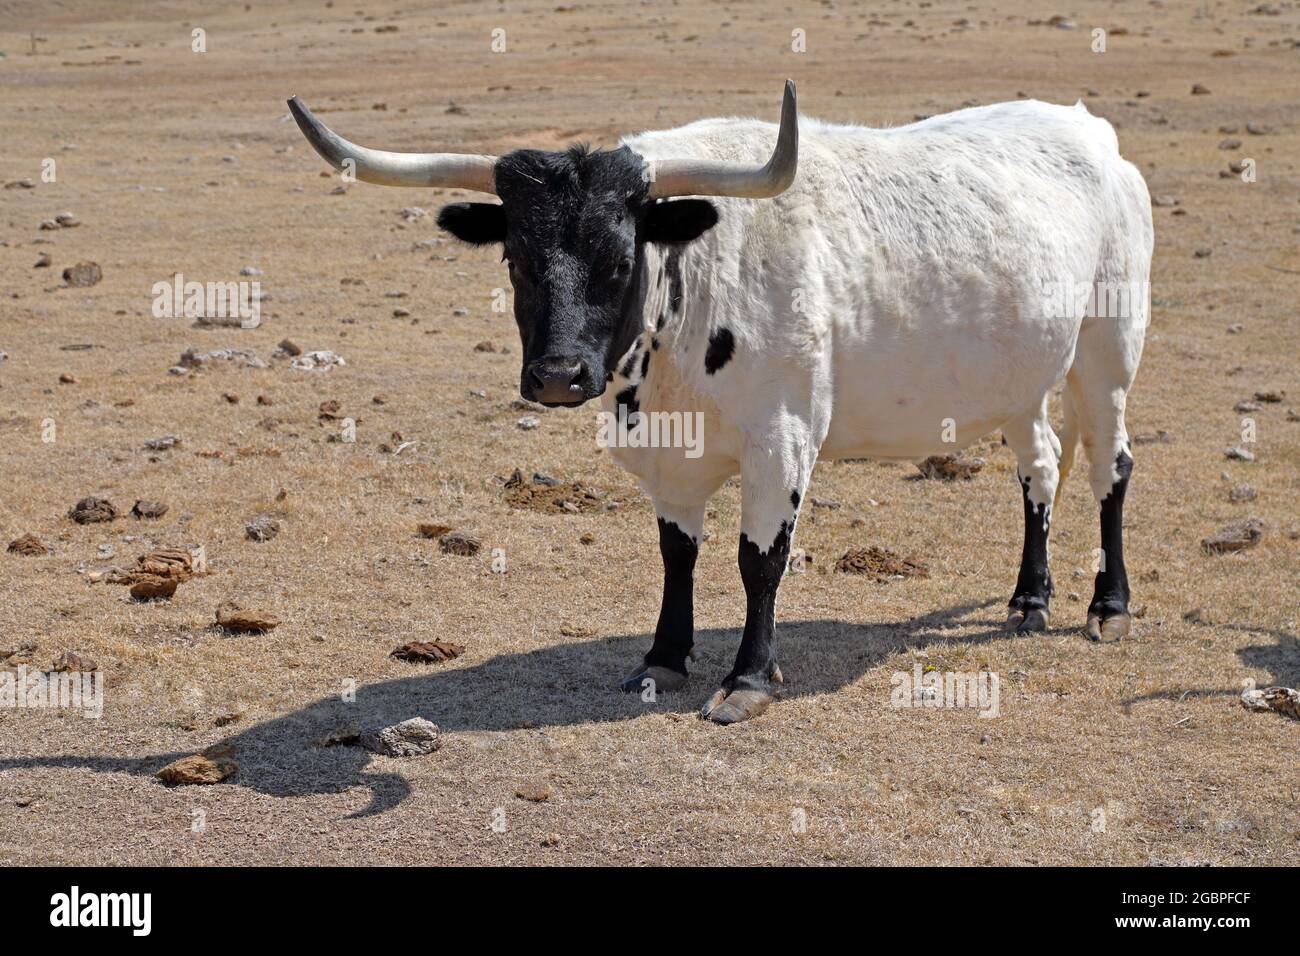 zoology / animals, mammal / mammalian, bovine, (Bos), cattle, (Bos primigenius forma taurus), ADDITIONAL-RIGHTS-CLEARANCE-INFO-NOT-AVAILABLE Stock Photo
###
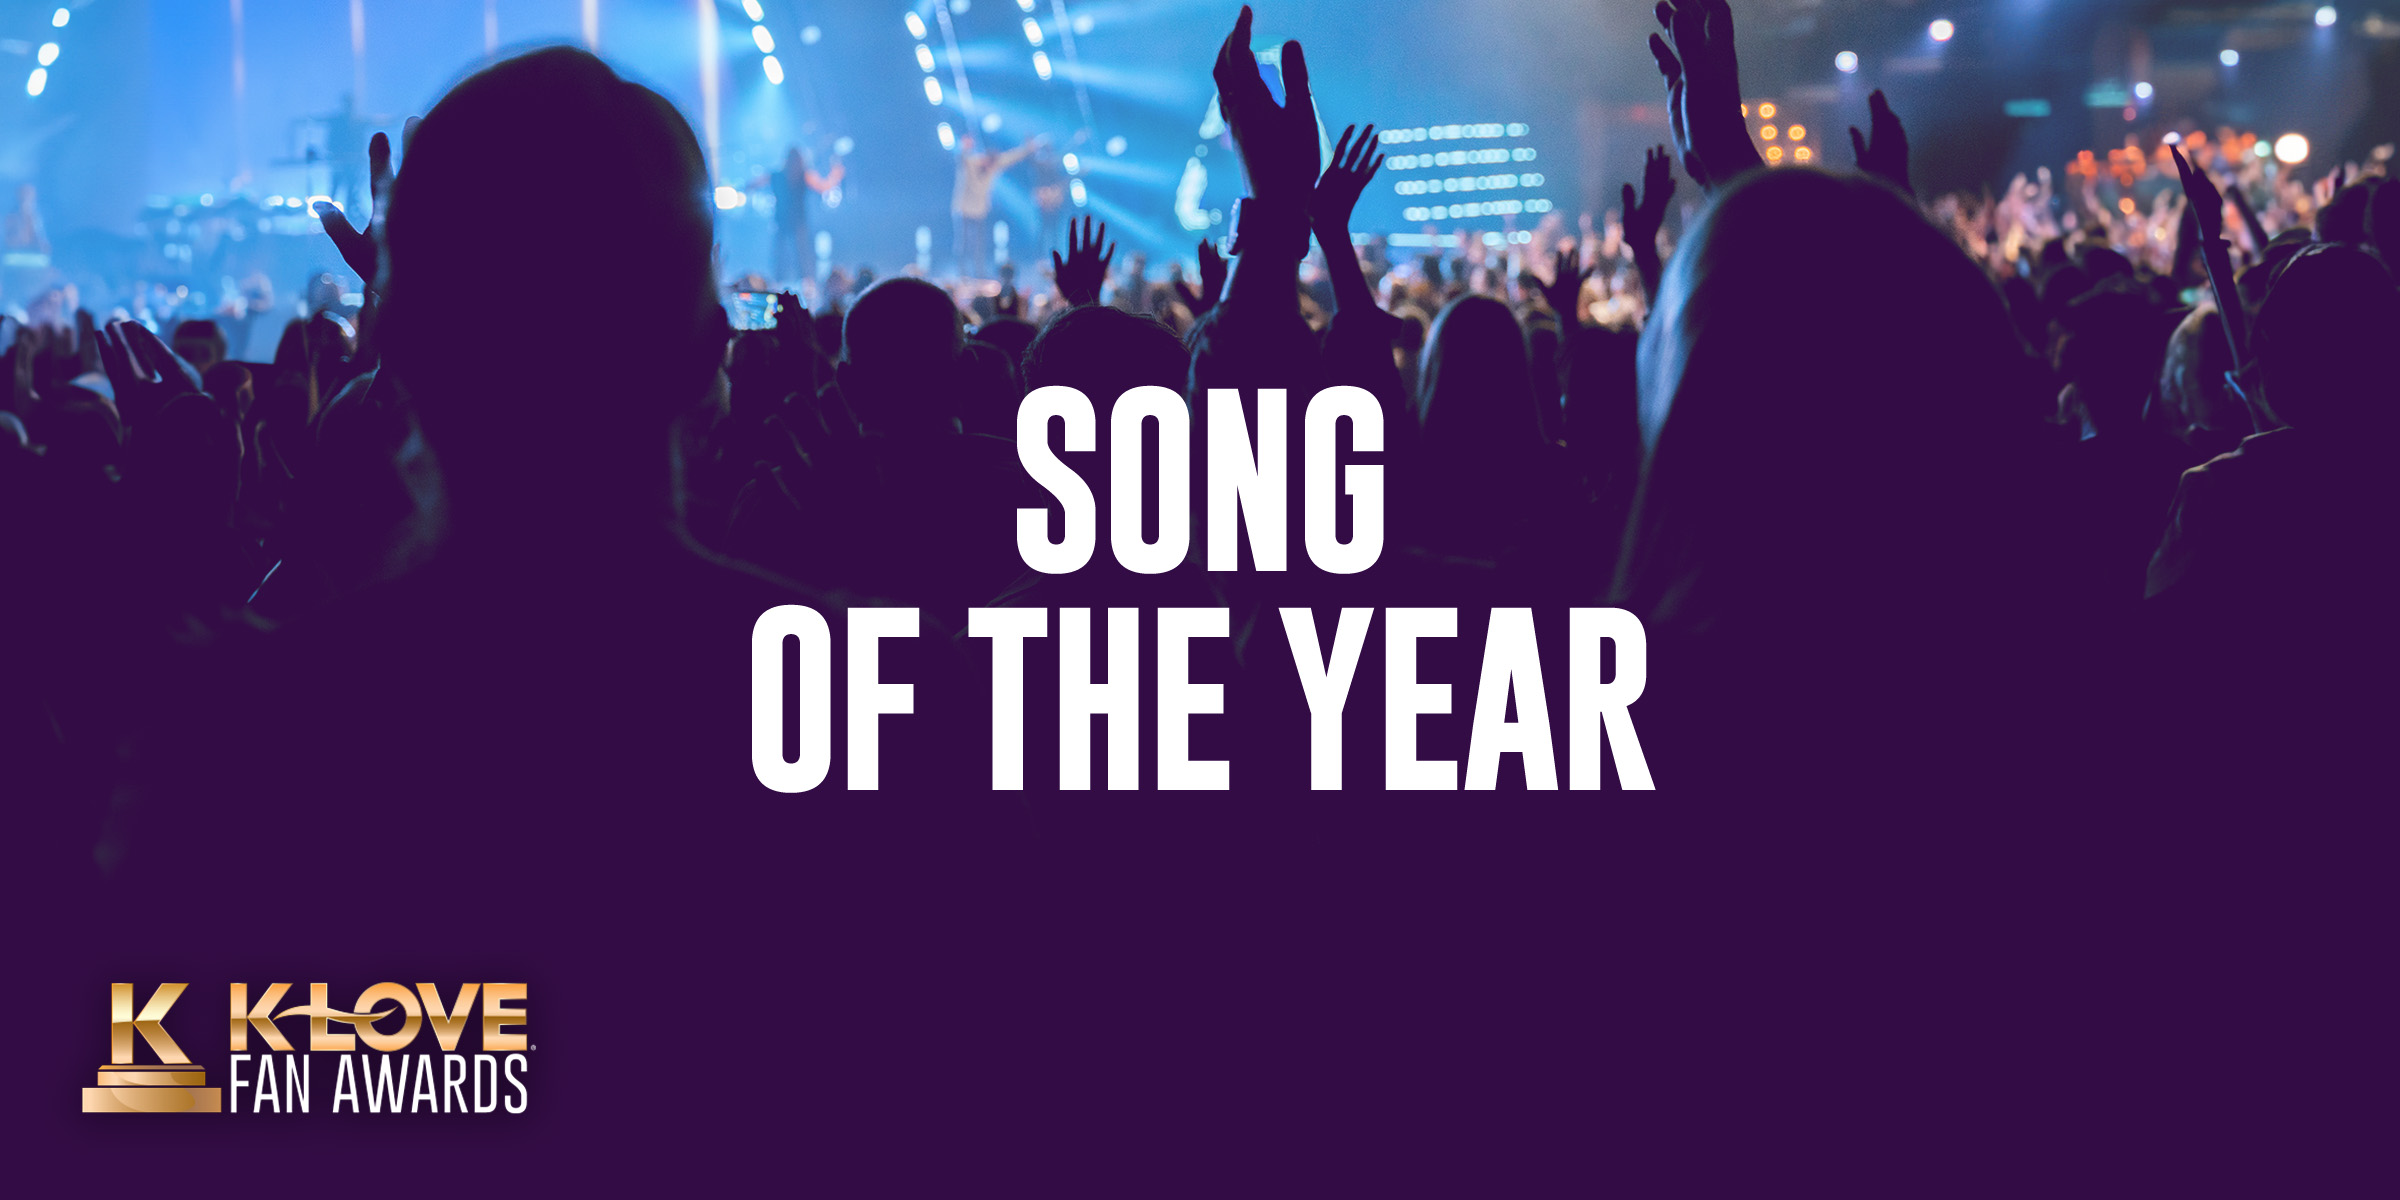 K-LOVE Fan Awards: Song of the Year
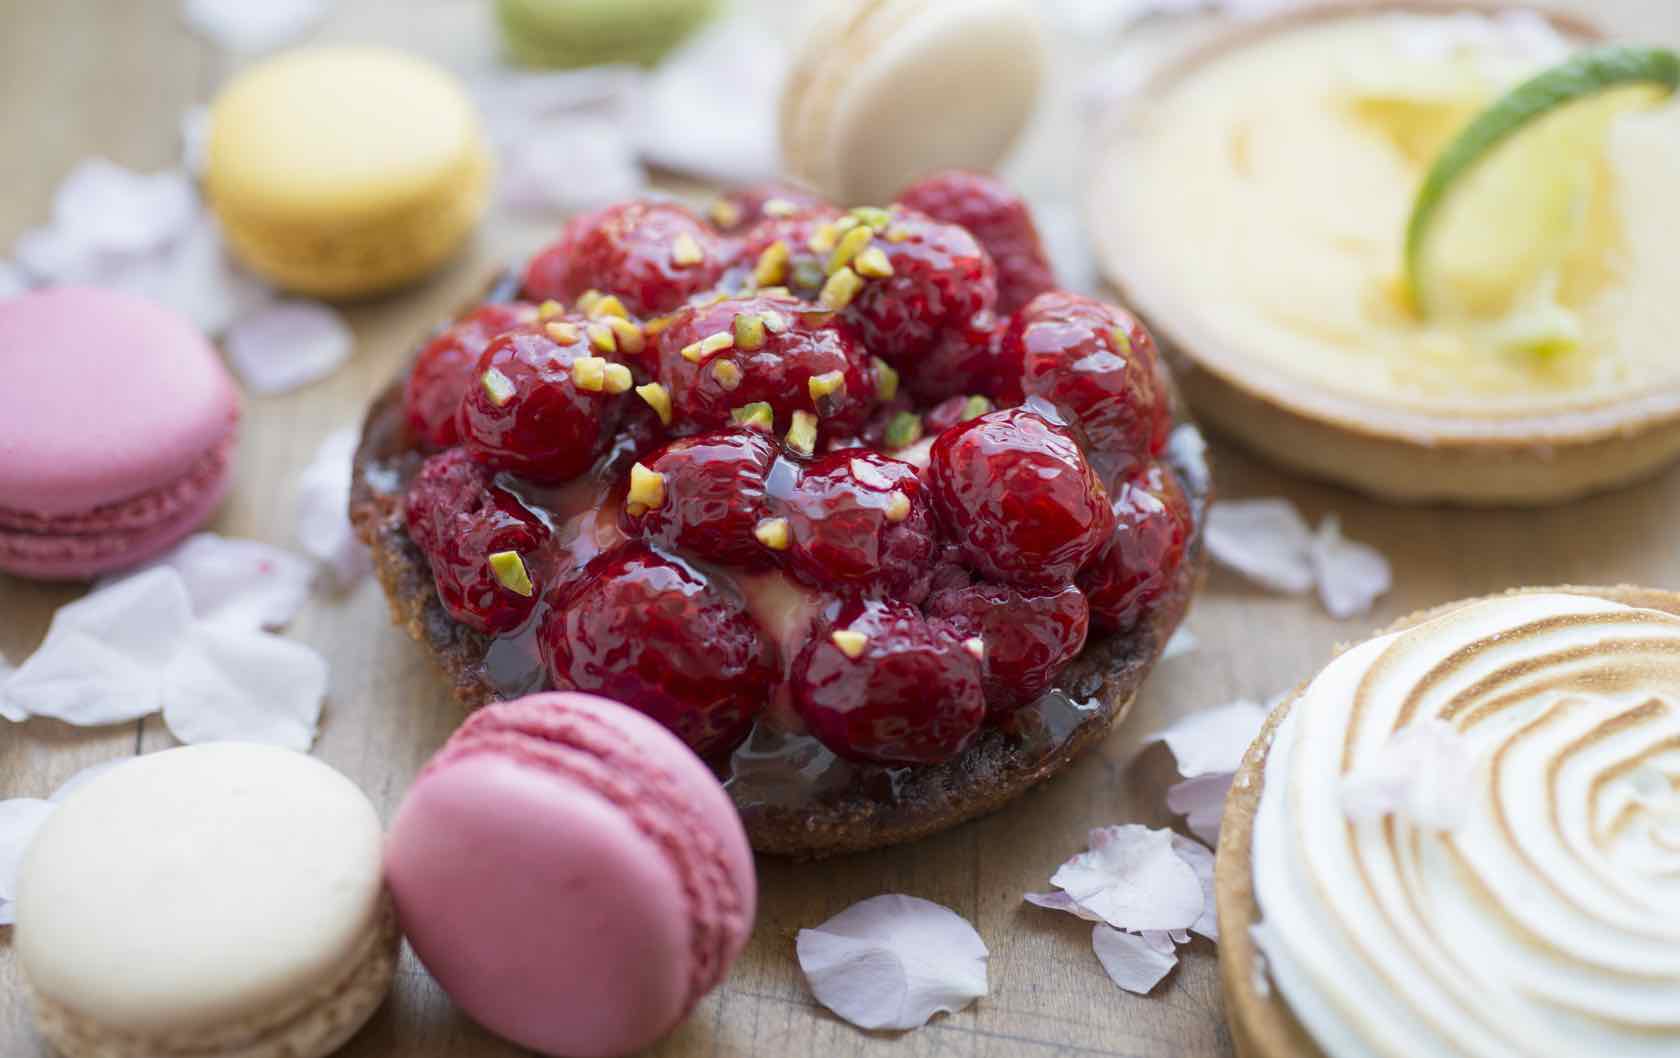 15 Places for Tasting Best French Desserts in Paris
###
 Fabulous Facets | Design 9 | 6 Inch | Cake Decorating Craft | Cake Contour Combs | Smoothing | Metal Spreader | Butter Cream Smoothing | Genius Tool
###
Directions for this task: What's needed is an exact copy of the lines above from the one with "K-LOVE Fan Awards: Song of the Year" through the one with "15 Places for", both included; the pictures stay out.

Answer:
 K-LOVE Fan Awards: Song of the Year
 15 Places for Tasting Best French Desserts in Paris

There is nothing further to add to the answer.